Libya Bu Borcu Nasıl Ödeyecek?



    İnsanların kötü giden düzene karşı durmaları, değişim için çabalamaları, kendi hayatlarının, toplum düzeninin daha iyi, daha güzel, daha ‘yaşanası’ olması ve gelecek nesillerin refahı için eylem sergilemelerini saygıyla ve heyecanla karşılıyorum. Ancak bütün bu olumsuzlukların tek bir kişinin iradesinde olduğuna inanmanın saflık, naiflik olduğunu düşünüyorum. Bu, kısa ve basitçe ifade edecek olursak; ‘anlamamaktır’.
     Bugün Hitler yaşamıyor ve evet gaz odalarında Yahudiler sabun malzemesi olmuyor ancak Almanya’da ırkçılığın var olmadığını söylemek iddialı olur. Avrupa’da Fransız, Danimarkalı, İtalyan, İngiliz hiç bir halkın ‘ırkçı’ olup, olmadığı ile ilgili net bir şey söyleyemeyecek olmakla birlikte, sömürgecilik geçmişleri nedeni ile en azından ‘birarada yaşamak’ konusunda deneyimleri olduğu söylenebilir.

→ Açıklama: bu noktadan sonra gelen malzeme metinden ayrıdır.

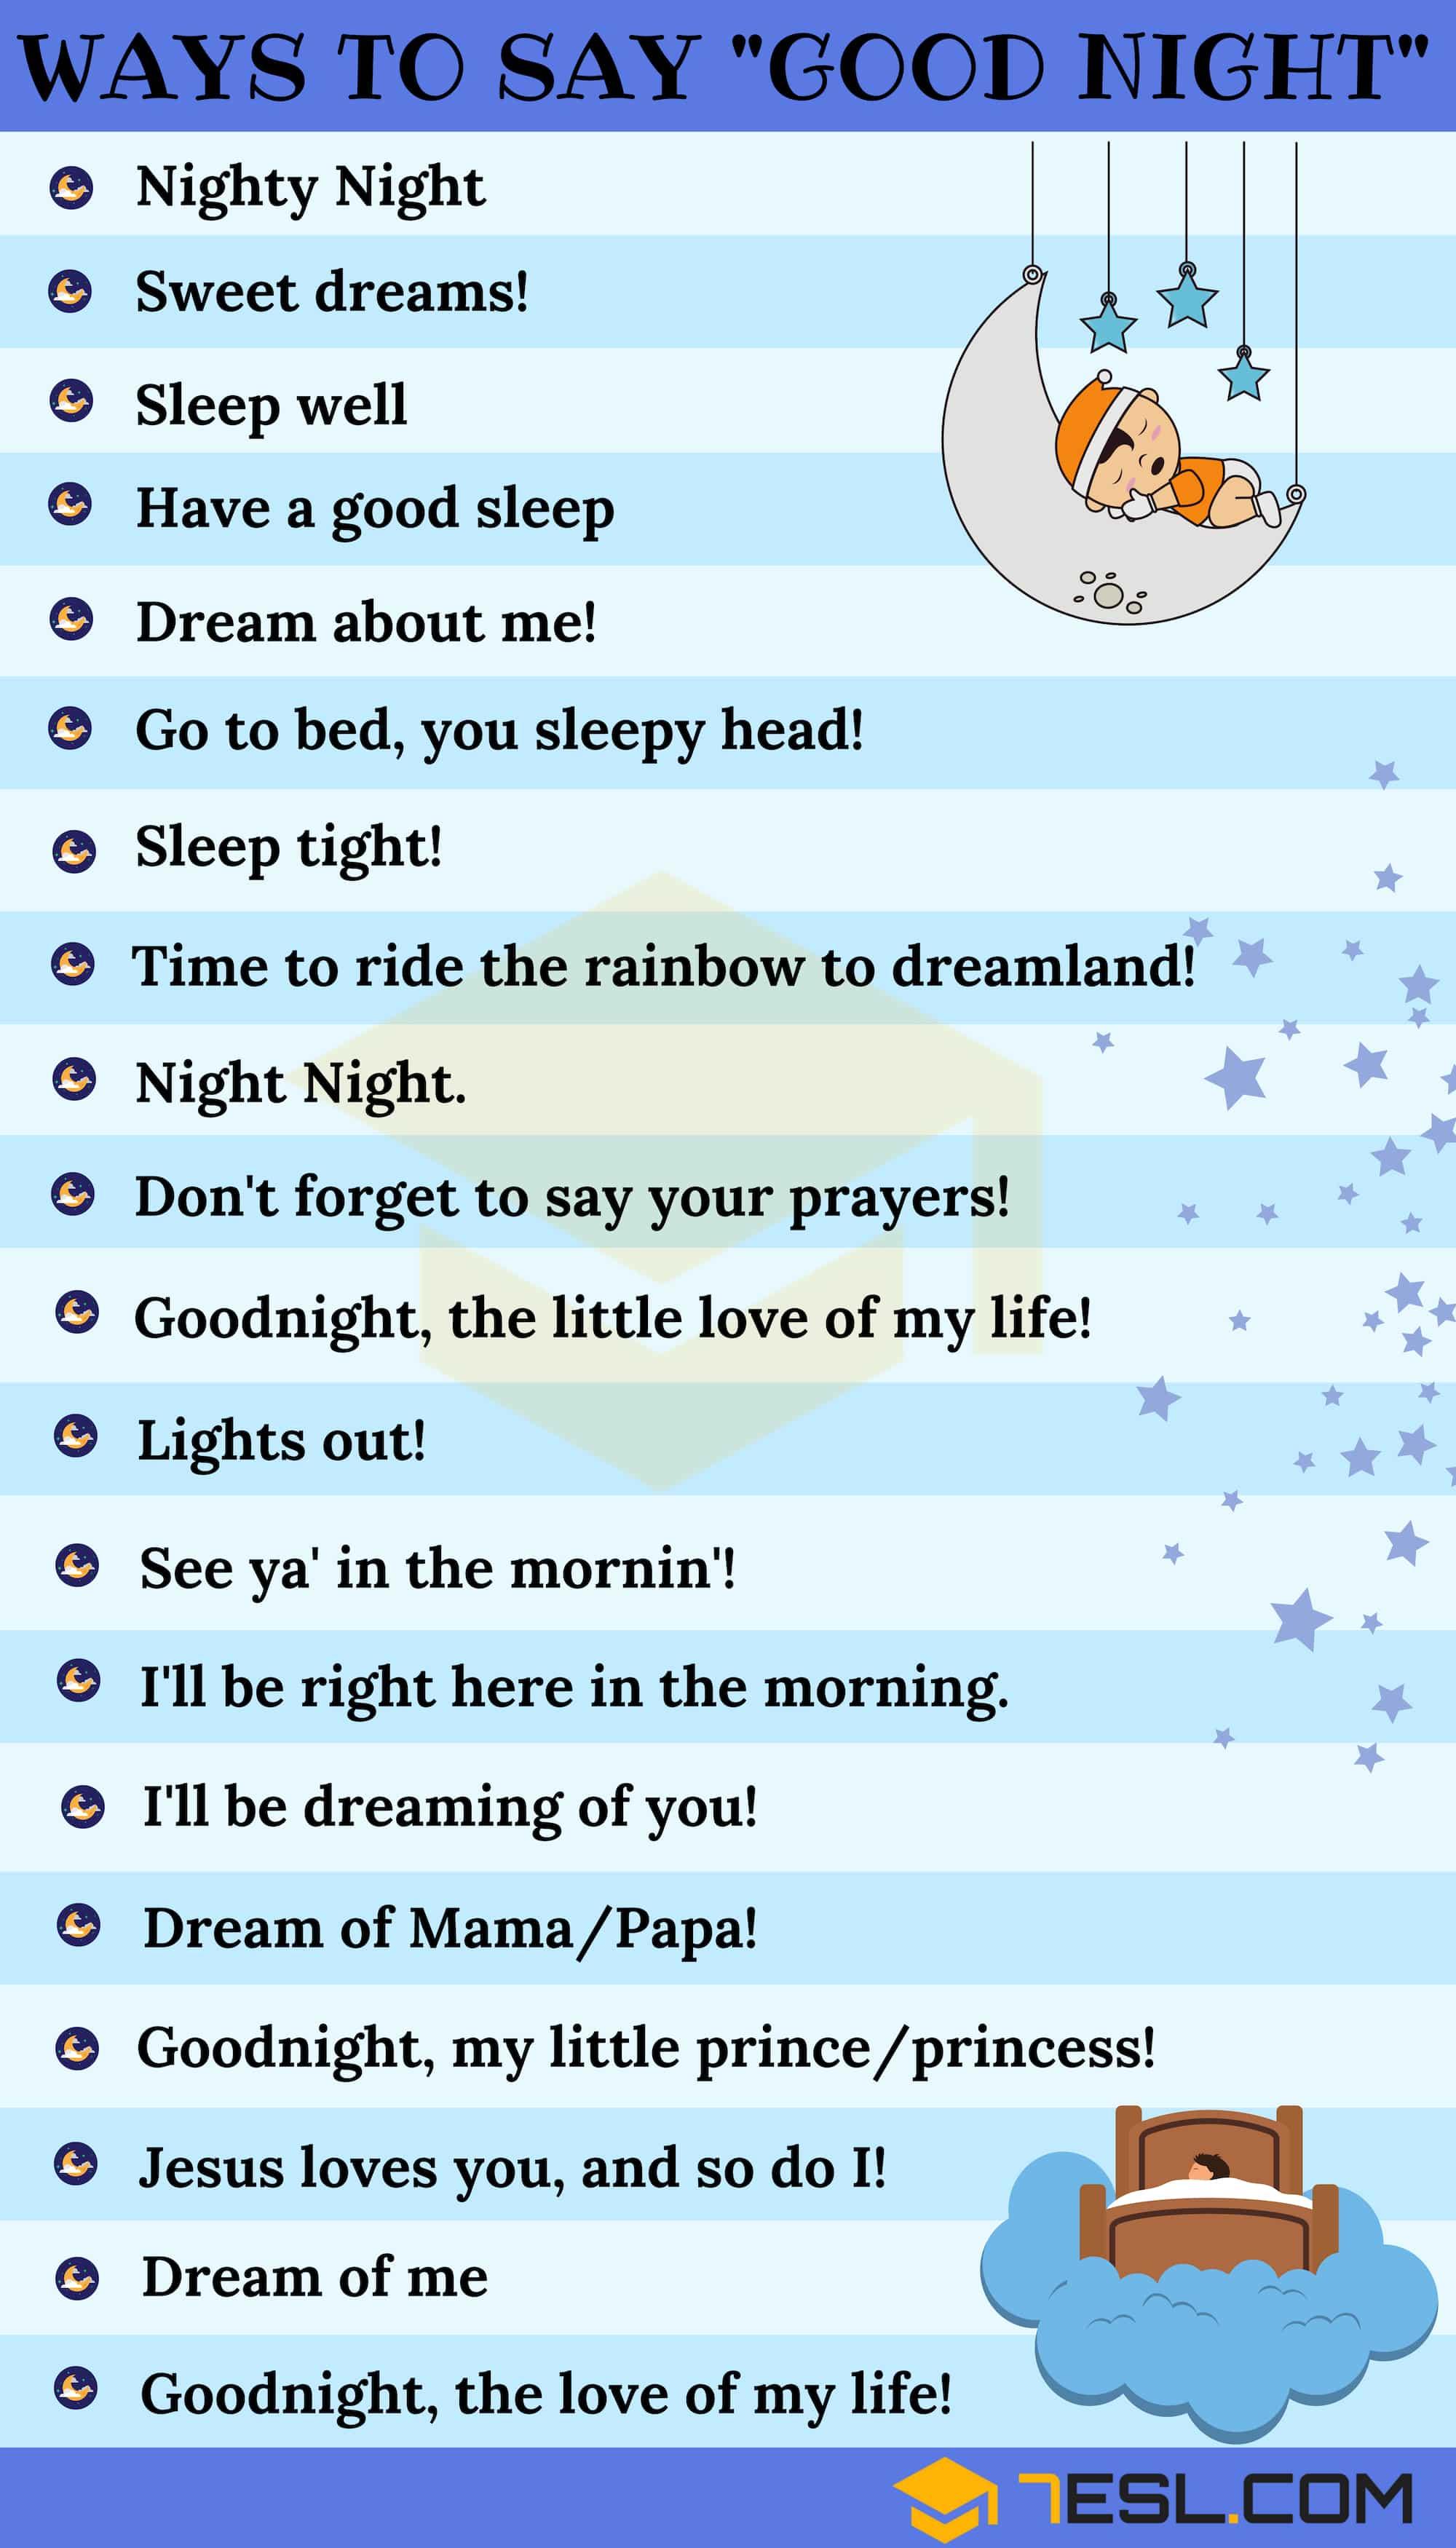 Funny Ways To Say Goodnight : funny, goodnight,

Alman tarihi bu açıdan çok daha fakir kalıyor. Bugünün Almanya’sında, dünyanın en ünlü mimarlık ekolünün doğduğu Leipzig’deki Bauhaus Akademi’ye yüksek lisans eğitimi için kabul edilmiş bir Türk hala Türklüğü, müslümanlığı, ve ülkesinin az gelişmişliği nedeni ile ‘sohbet etme’ adı altında sorgulanıyorsa, bana sorarsanız Yahudiler’in ve diğer azınlıkların artık sabun malzemesi olmamalarının sebebi, direkt olarak Hitler’in yok oluşu değildir.
     Bugün işyerlerimizde çalışırken websense ile sınırlandırılmış olmayanlarımız bilgisayarlarından, diğerleri akıllı telefonlarından, televizyondan, radyodan Kaddafi’nin yakalandığı, vurulduğu, yaralı bedeninin sürüklendiği ve sonunda öldüğü ile ilgili haberleri aldık. Twitter’daki kısaltılmış linklere tıklayarak haber sitelerinden olayla ilgili ayrıntılı bilgi aldık. Muhalif Libyalıların zaferi ilan edildi. Cani diktatör, albay Muammer Kaddafi ‘yok’tu artık.
     Kaddafi’nin yokluğunun, Libya’da mutluluğun varlığı ile sonuçlanacağını düşünmek, işte o da yine saflık, naiflikle açıklanabilir ancak.
      Kaddafi çift kutuplu dünya düzeninde devrilseydi, belki insan durup bir düşünürdü. Ama bizler Afganistan’ın Sovyet Rusya’yı nasıl yenebildiğini biliyoruz. Saddam’ın sevinç çığlıkları atılarak idam edildiği Irak’ın artık esamesi okunmuyor. Bilen biri bizleri de bilgilendirsin; Irak’ta halk artık mutlu ve refah içerisinde mi yaşıyor?
      Kaddafi NATO güçlerinin desteklediği Libyalı muhaliflerce tarih sahnesinden kaldırıldı.
      İnsan merak etmeden edemiyor; ‘Peki Libya bu borcu nasıl ödeyecek?’
      Fotoğraf altı. İkiyüzlülük ve riyakarlığın milyonlarca örneğinden biri.

13 Ekim 2011 Perşembe

Türkiye’liyim, mutsuzum, eylemsizim!!!


Ntvmsnbc’nin haberinden alıntılıyorum: ” Paris merkezli Ekonomik Kalkınma ve İşbirliği Örgütü OECD’nin ‘How’s life’ (Hayat nasıl) raporu, 40 ülkede yürütülen araştırmalar sonucunda insanların yaşamlarından memnun olup olmadığını tespit etti. Mutluluk ve refah derecelerini ortaya koyan raporda, Türkiye memnuniyet sıralamasında 32. oldu.”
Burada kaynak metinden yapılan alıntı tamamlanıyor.